+++ Input data +++

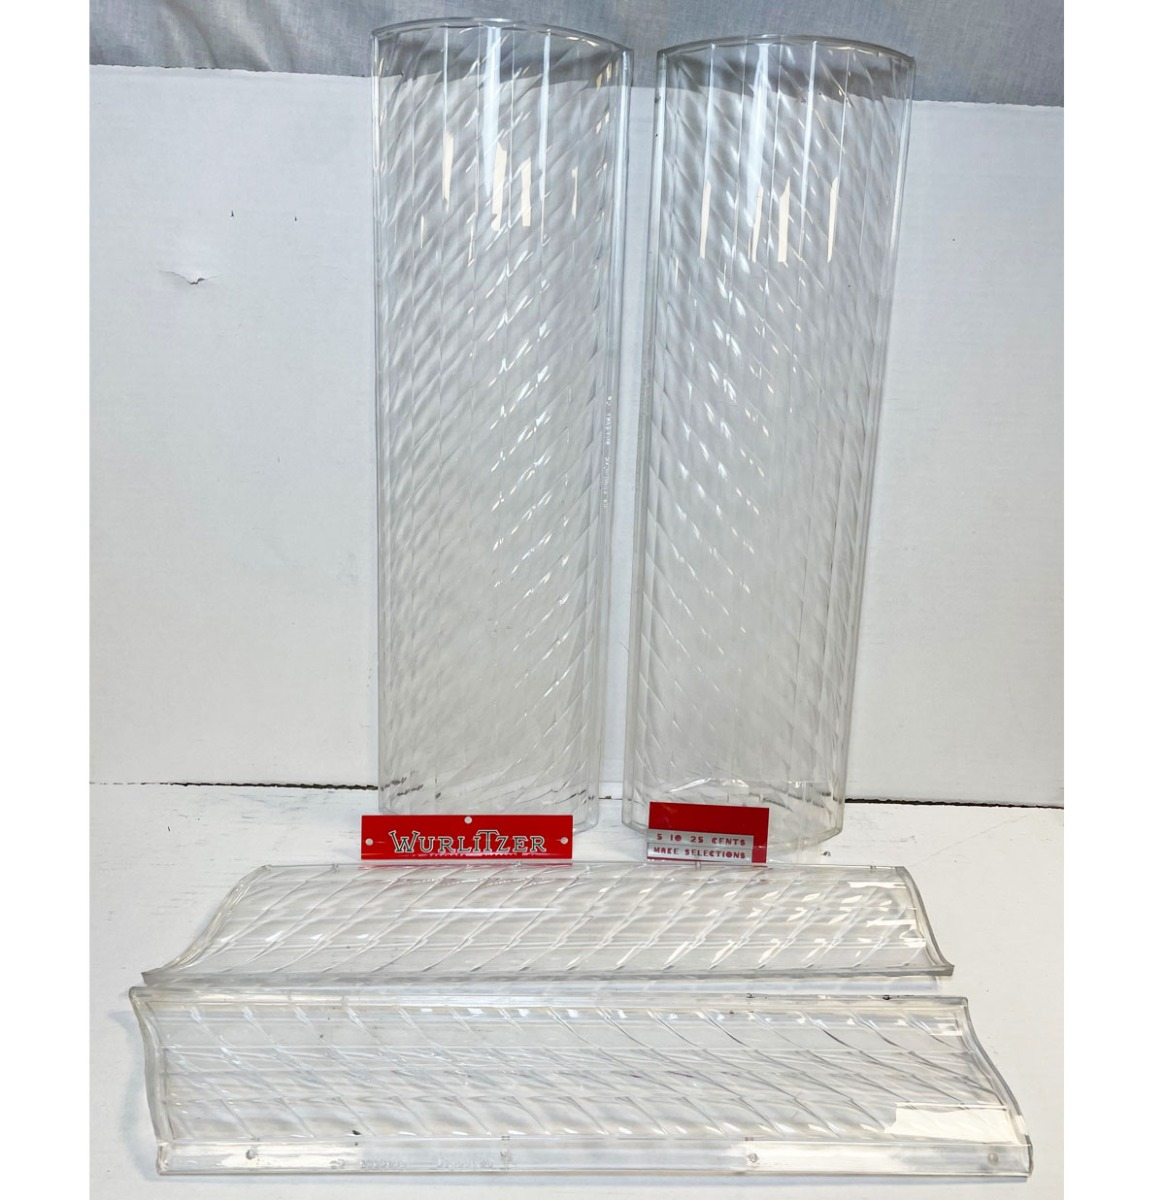 Wurlitzer Model 1100 Plastic 4 Delige Set Incl. Make Selection, 5-10-25 En Wurlitzer Plastics
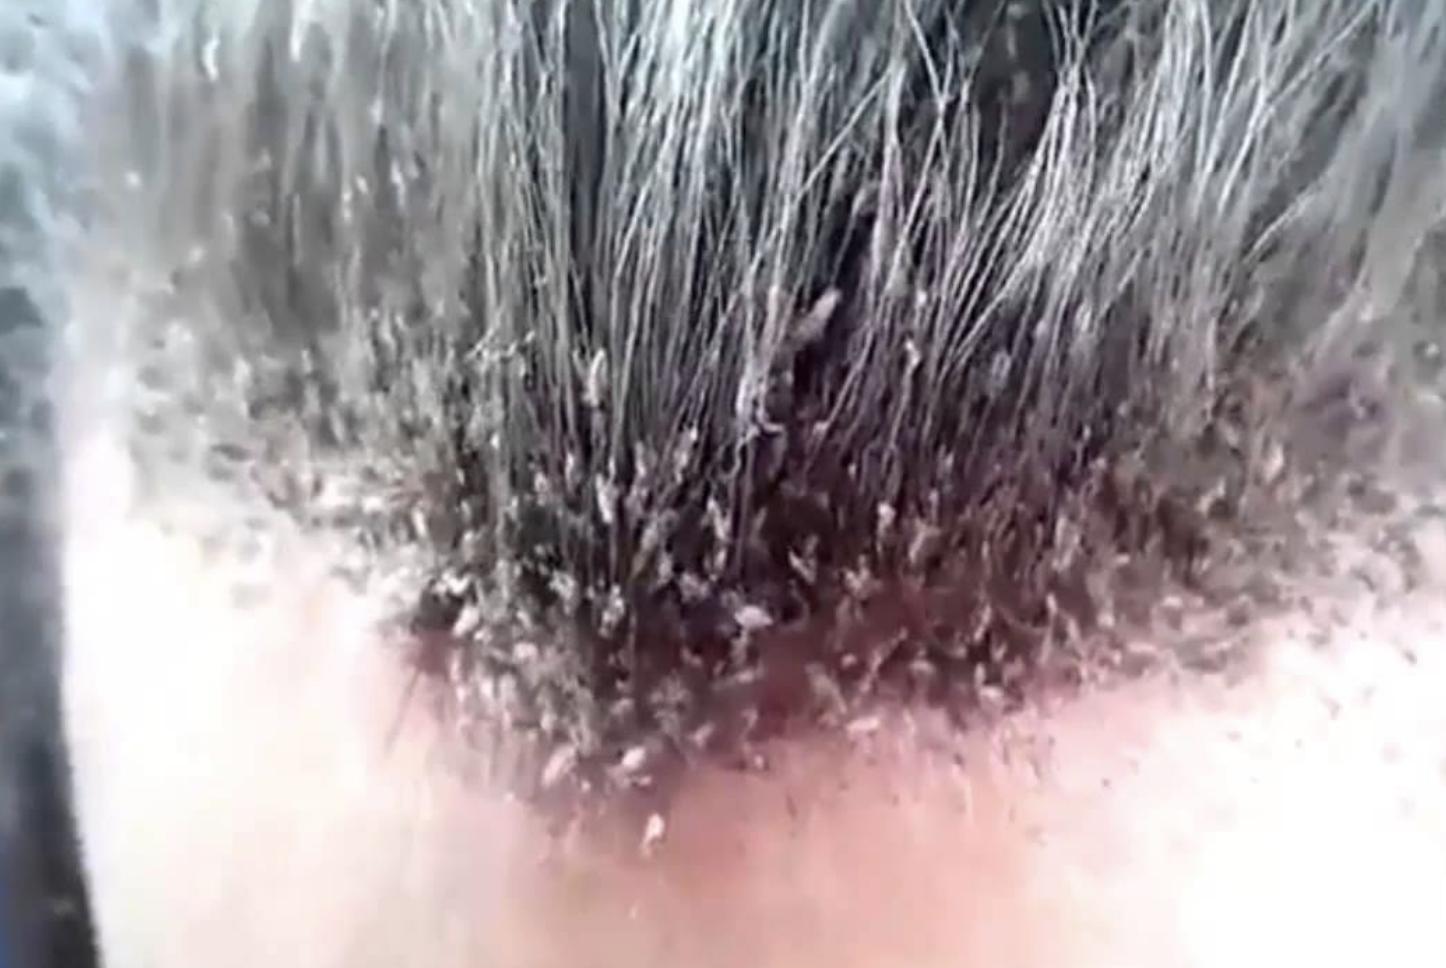 11 Horrific Hairdressing Nightmares
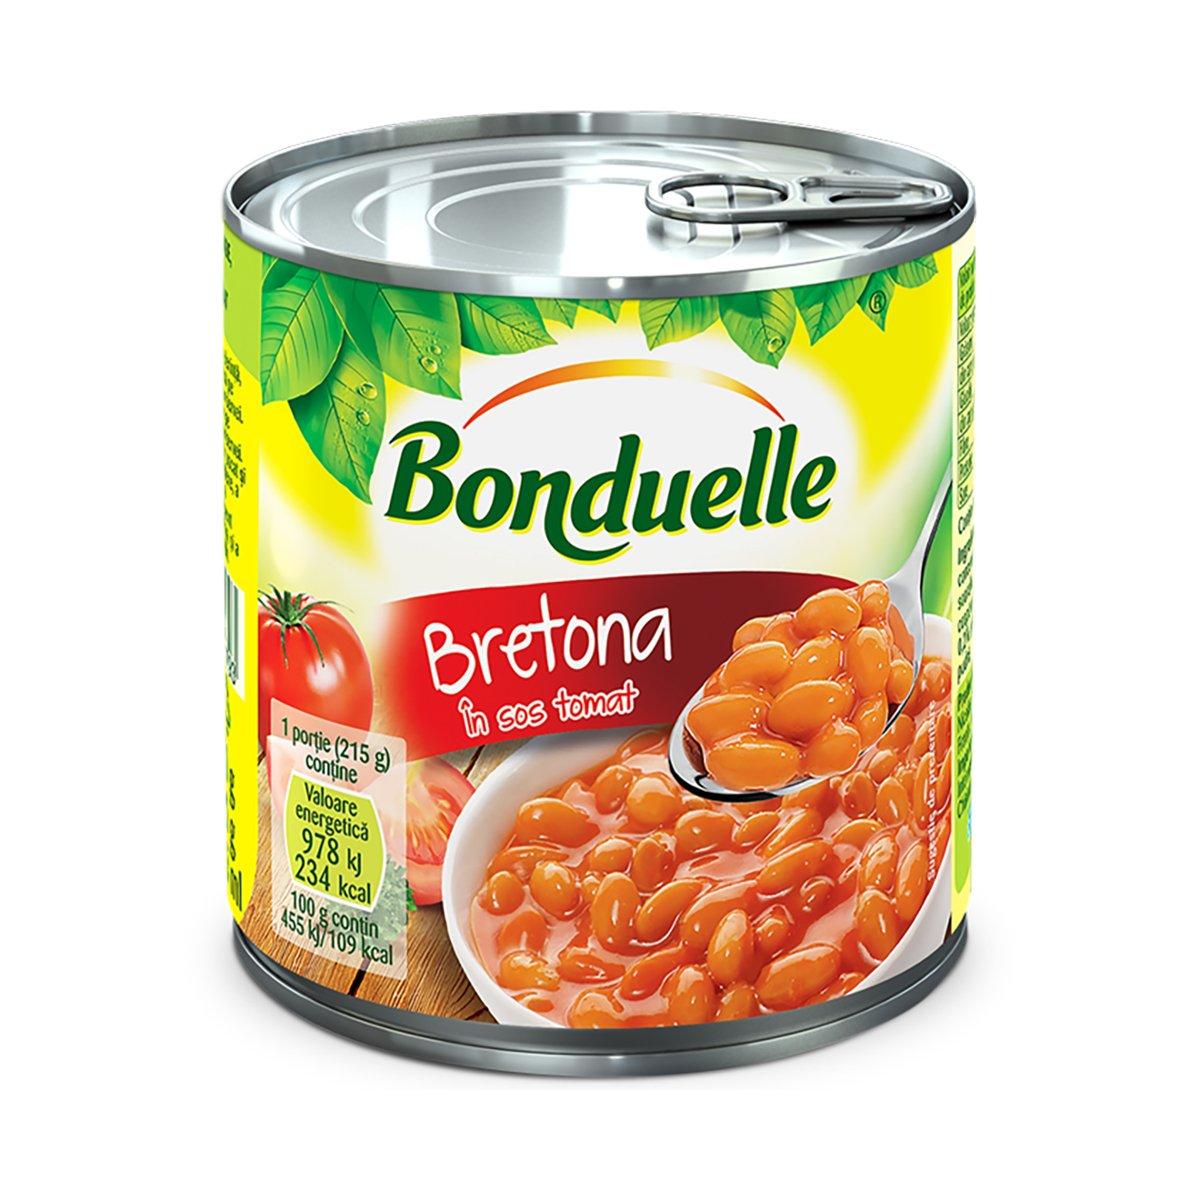 Fasole alba boabe in sos tomat, Bonduelle Bretona, cutie, 425 ml imagine
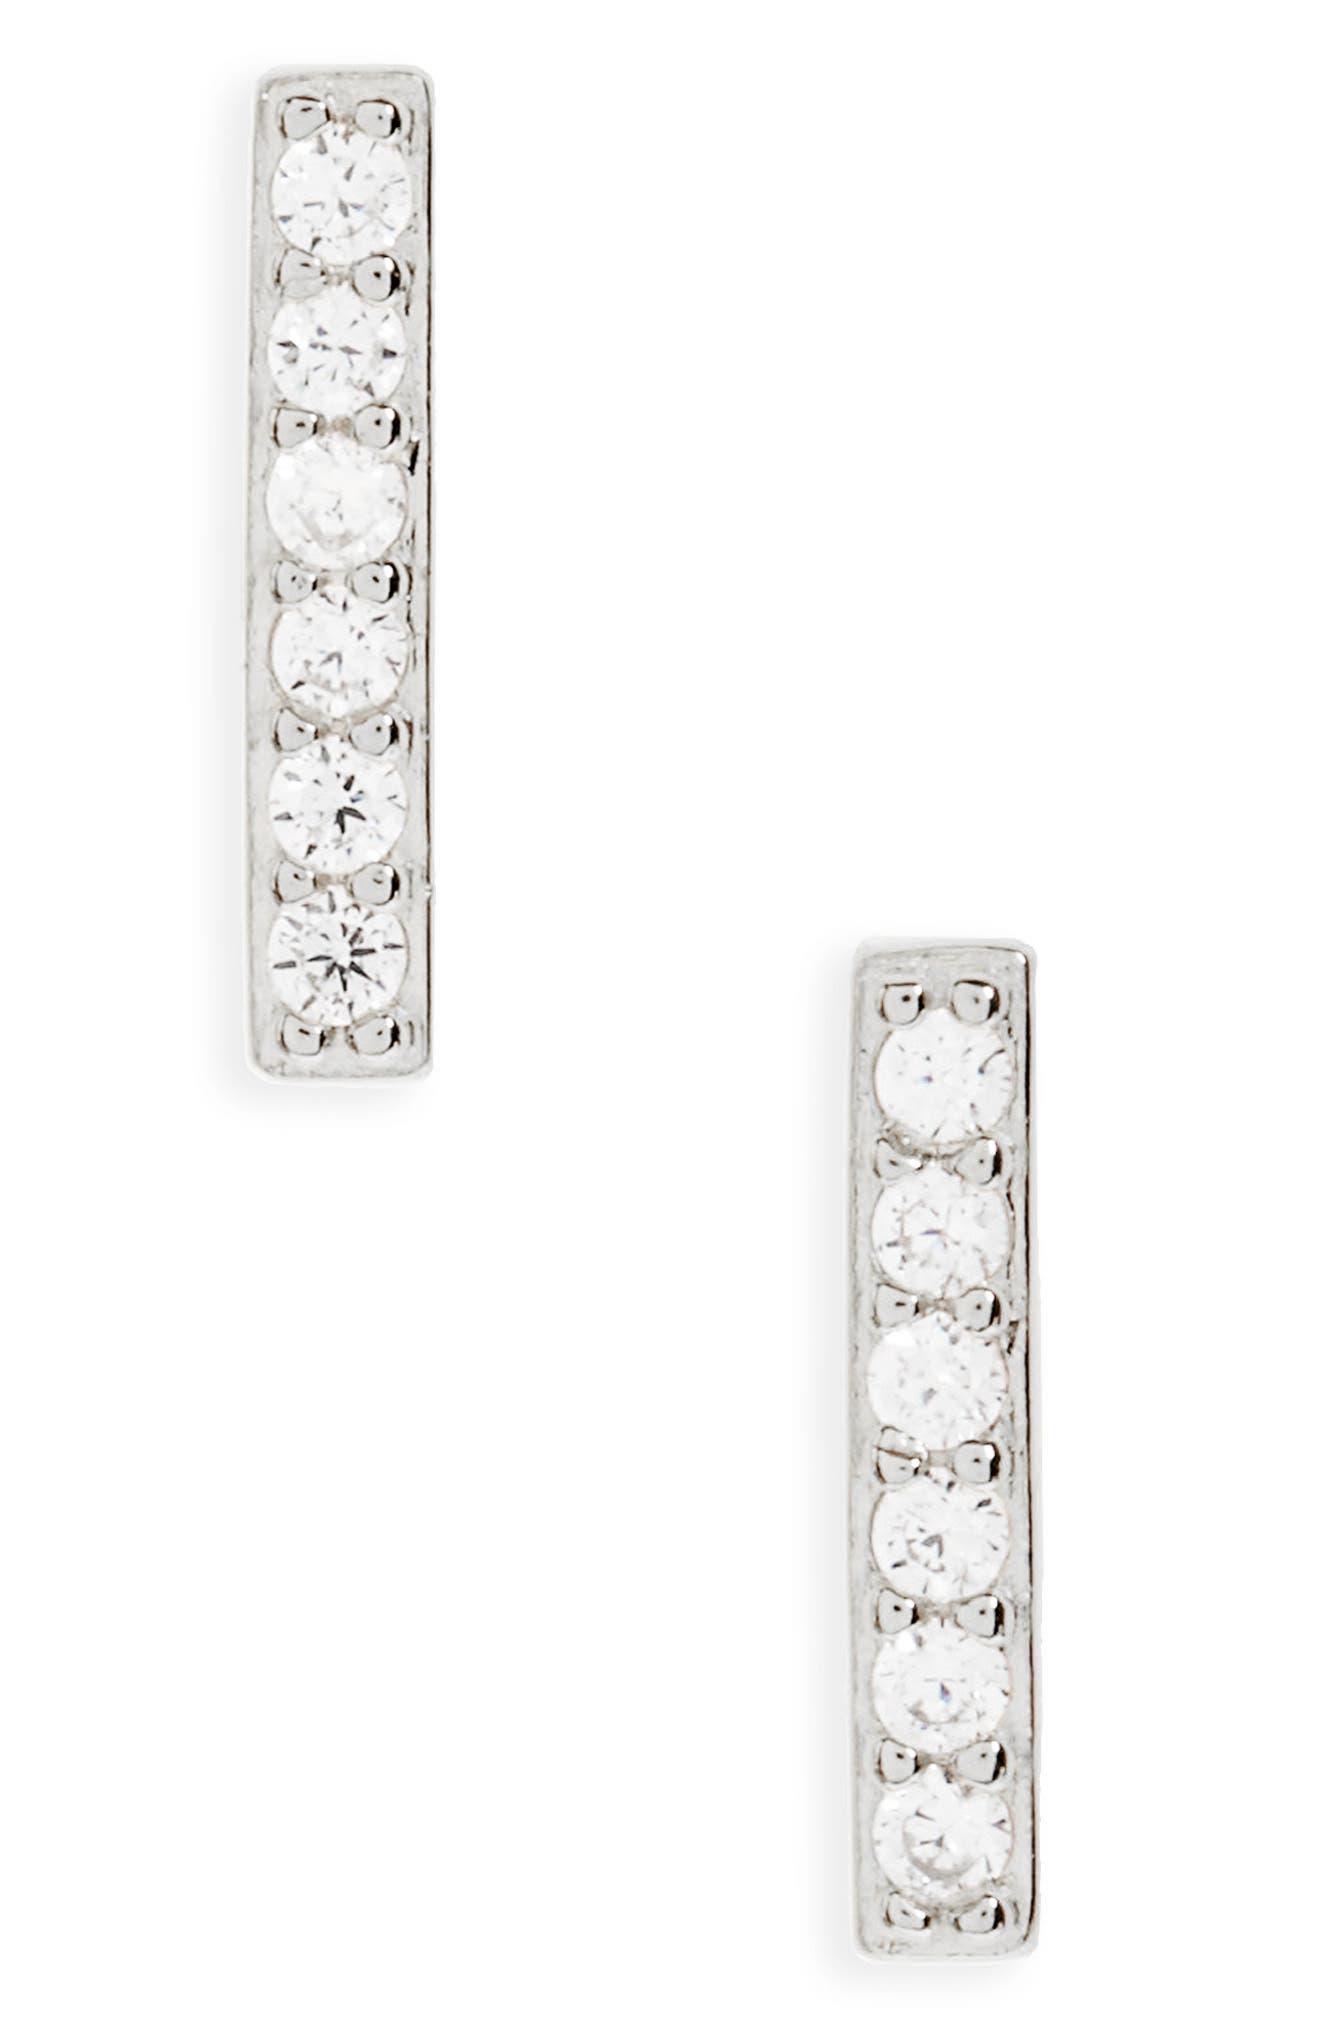 Precious Metal Plated Cubic Zirconia Bar Earrings,                             Main thumbnail 1, color,                             040

+++

* [Assignment] Every line from the one that holds "Fasole alba boabe" to the end of the listing should be output exactly, with pictures left out, please.

* [Response]
 Fasole alba boabe in sos tomat, Bonduelle Bretona, cutie, 425 ml imagine
 Precious Metal Plated Cubic Zirconia Bar Earrings,                             Main thumbnail 1, color,                             040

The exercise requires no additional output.